Task details: Write out the full listing exactly as given, minus the images.

-------------------------

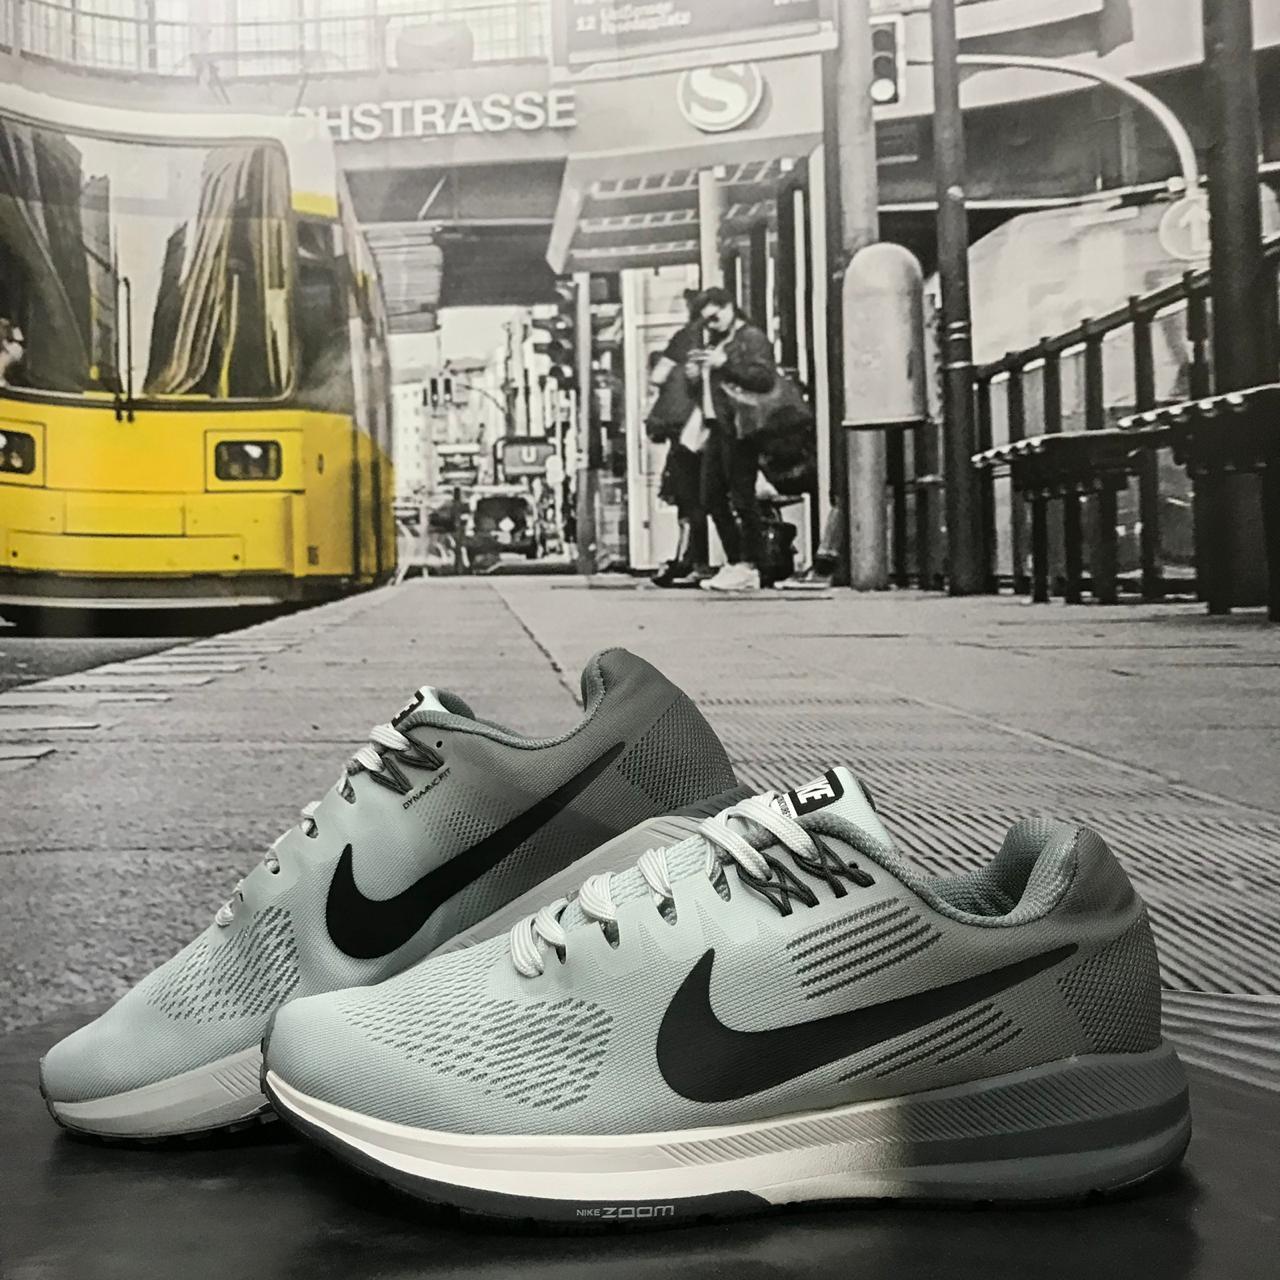 Nike Nike Caballero Zapatillas Running Cali Importados Tenis En Dama Y  d1dwqv 75931bba6ff3b
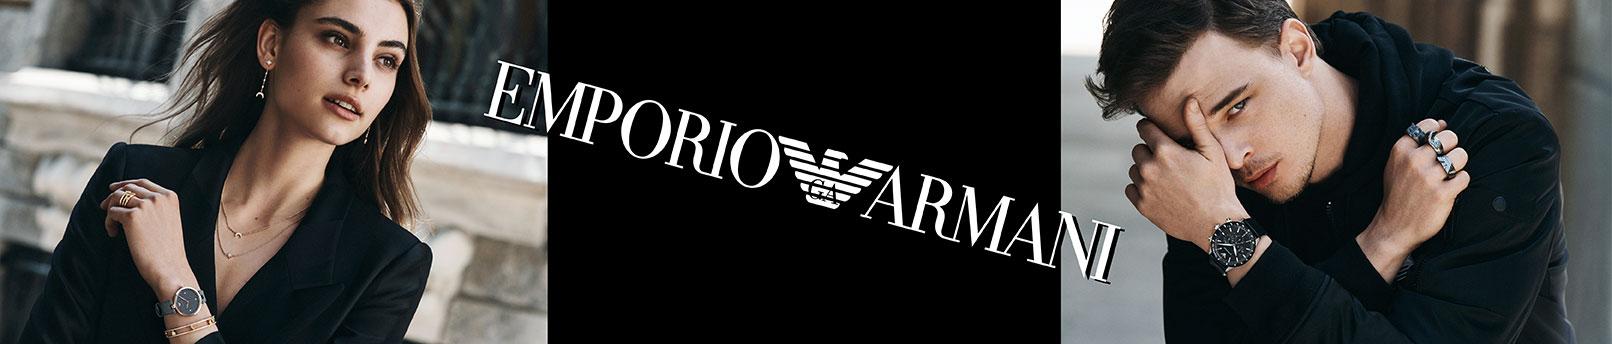 Odkryj Emporio Armani
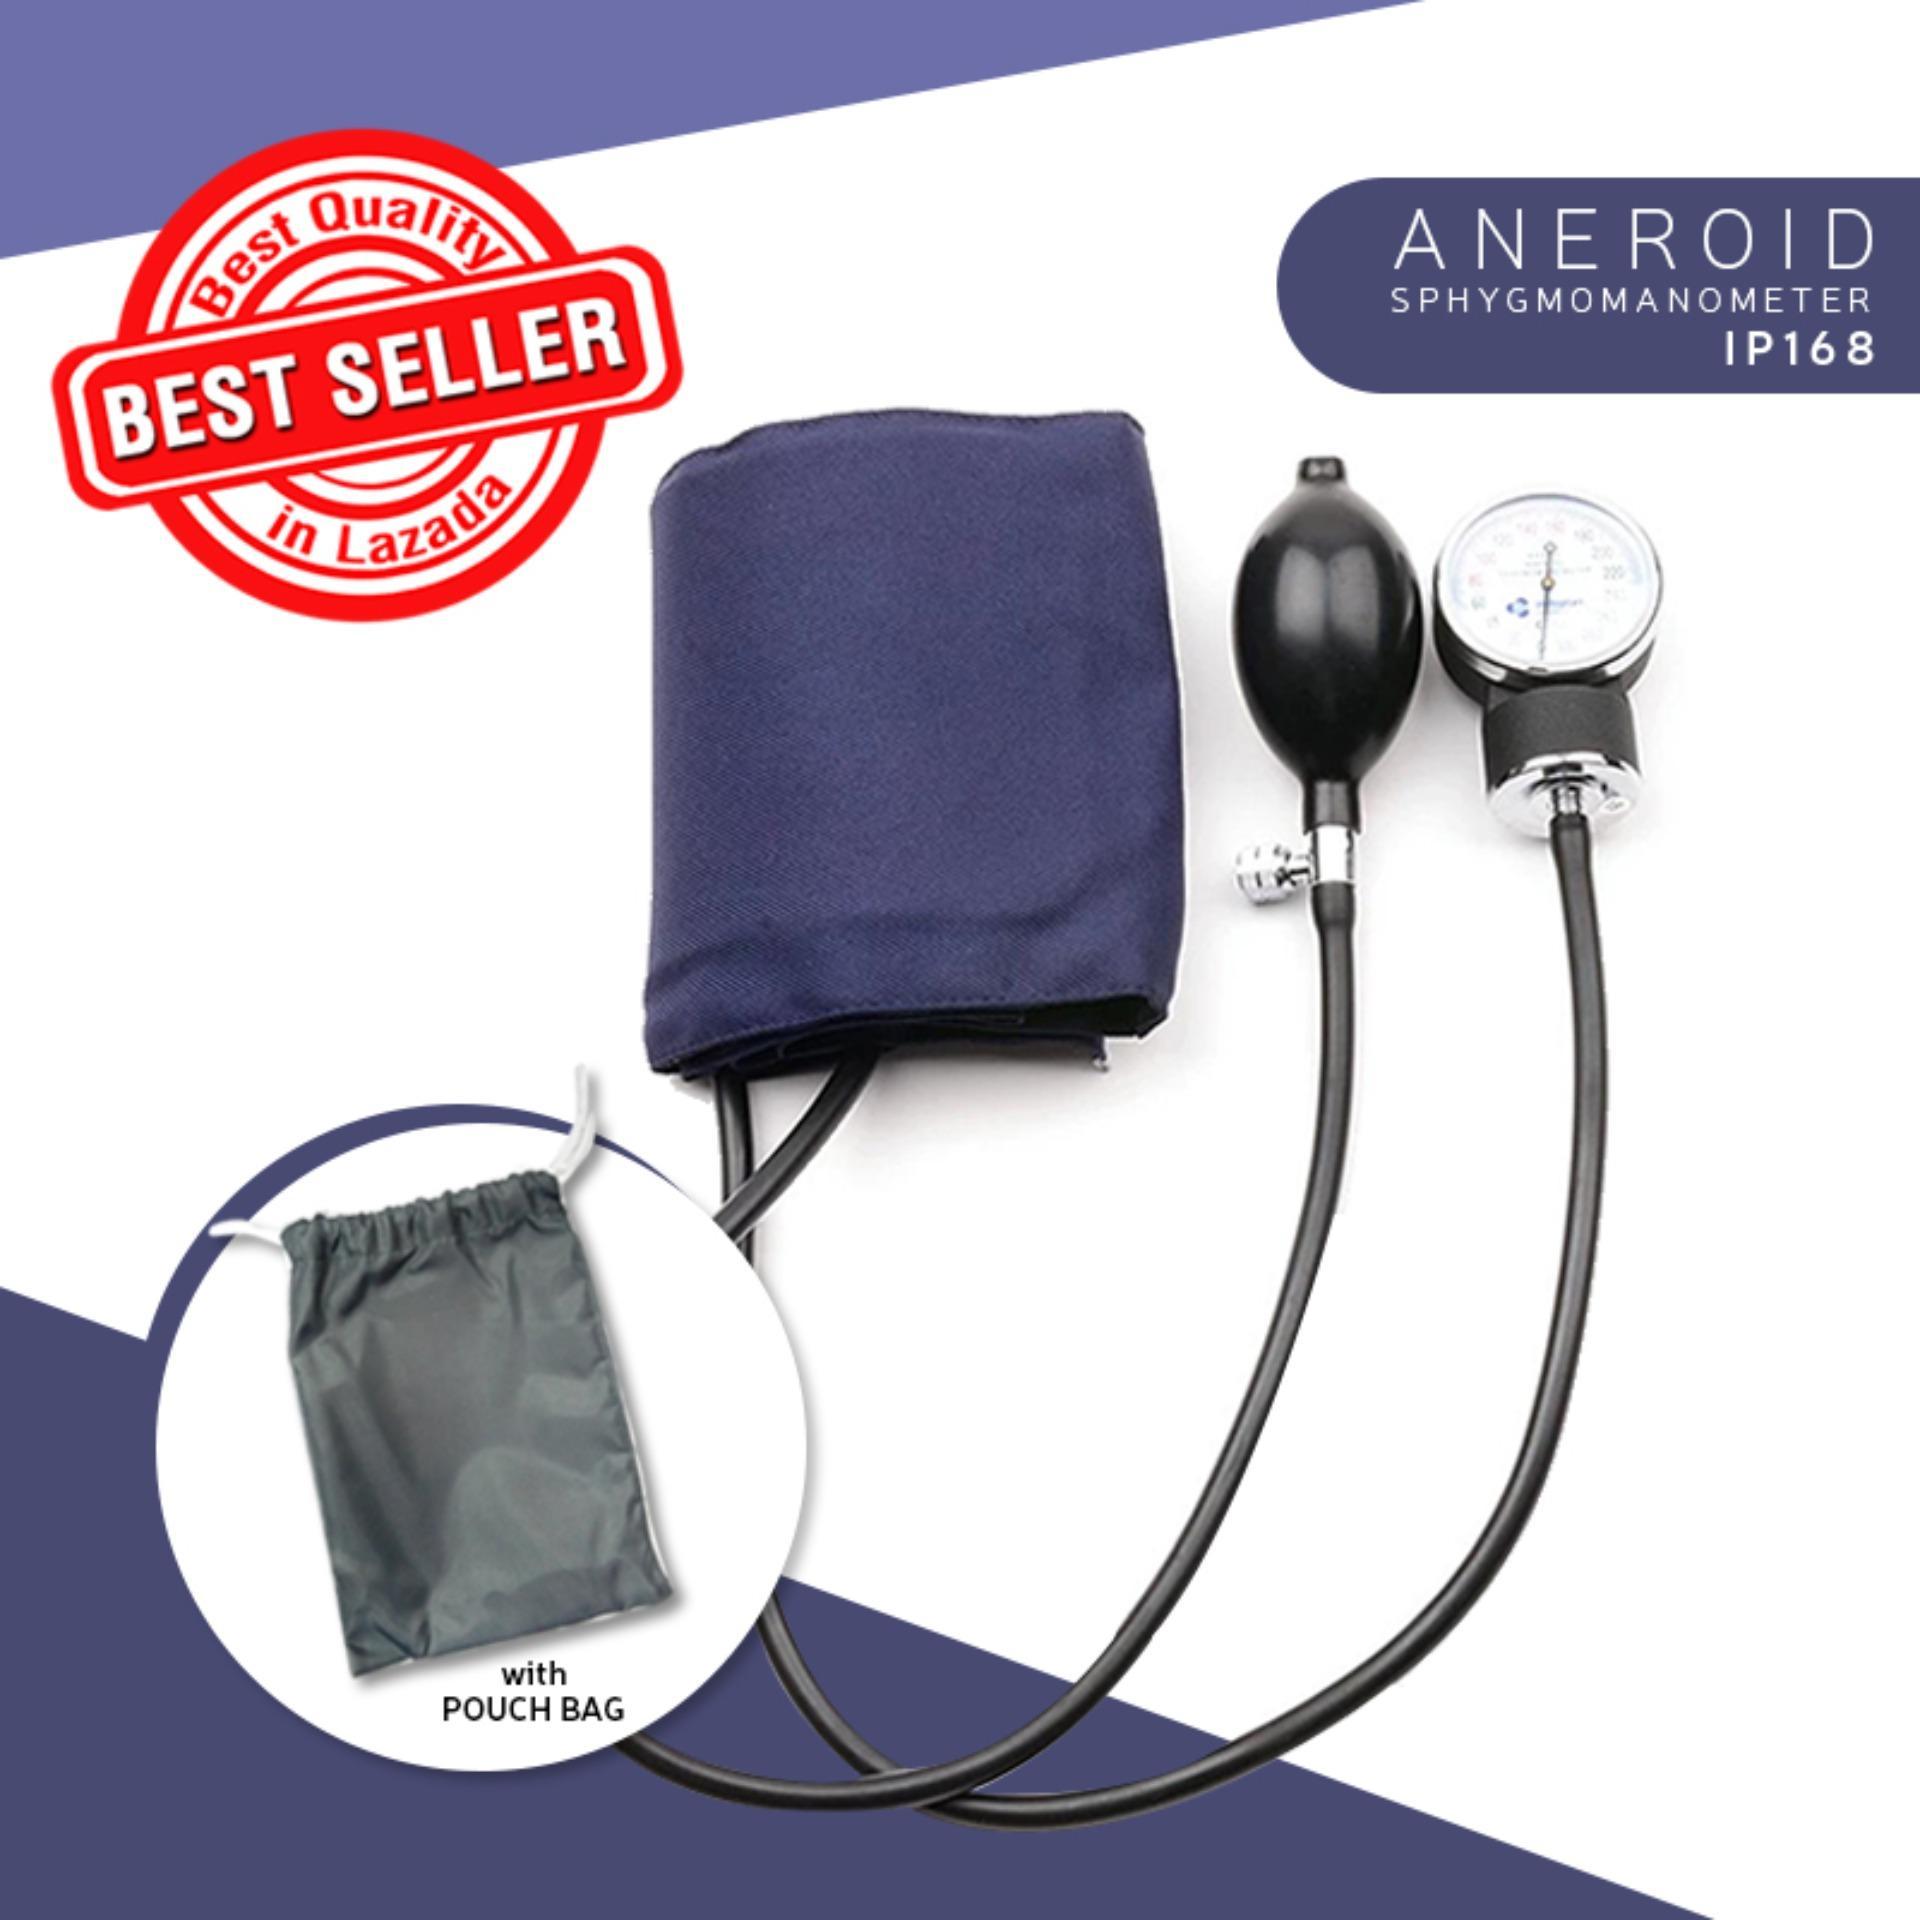 Sphygmomanometer Brands Blood Pressure Monitor On Sale Prices Prestige Car Alarm Wiring Diagram Indoplas Aneroid
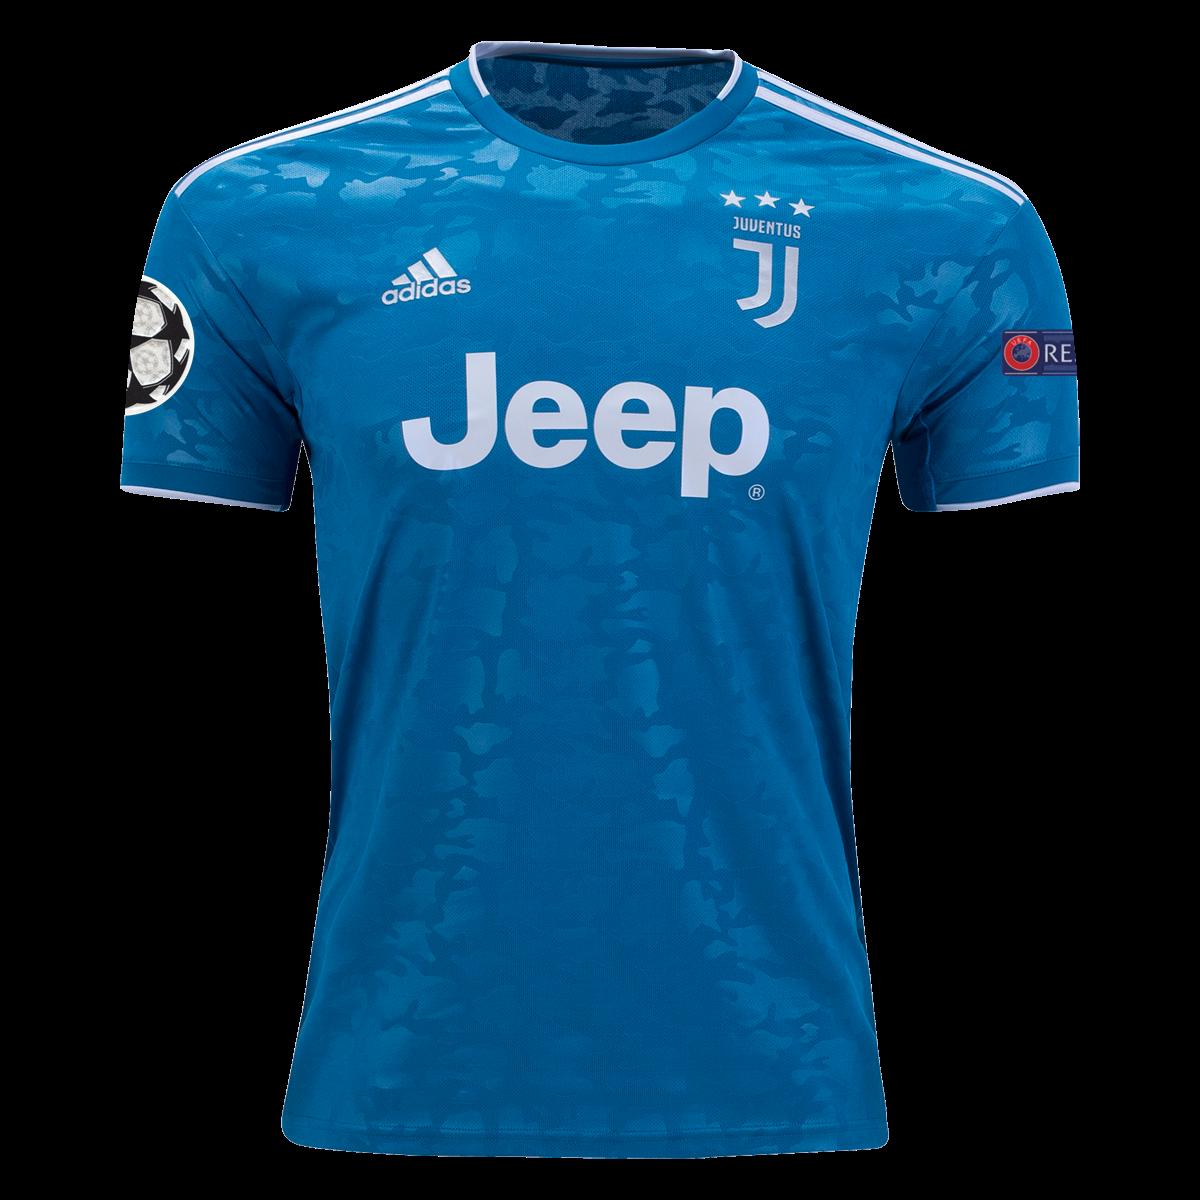 Adidas Juventus Third Ucl Jersey 19 20 M Jersey Shirt World
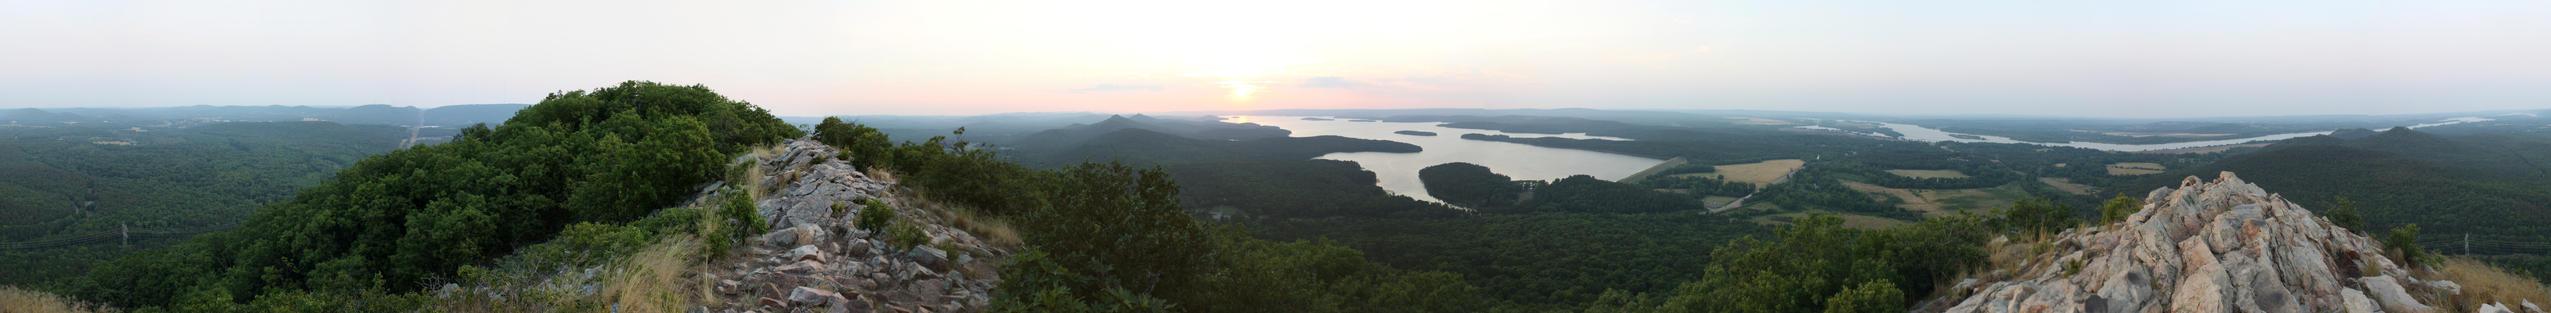 Pinnacle Mountain Panorama Just Before Sunset by smleimberg

-------------------------

Output of the task:
 Nike Nike Caballero Zapatillas Running Cali Importados Tenis En Dama Y  d1dwqv 75931bba6ff3b
 Odkryj Emporio Armani
 Sphygmomanometer Brands Blood Pressure Monitor On Sale Prices Prestige Car Alarm Wiring Diagram Indoplas Aneroid
 Adidas Juventus Third Ucl Jersey 19 20 M Jersey Shirt World
 Pinnacle Mountain Panorama Just Before Sunset by smleimberg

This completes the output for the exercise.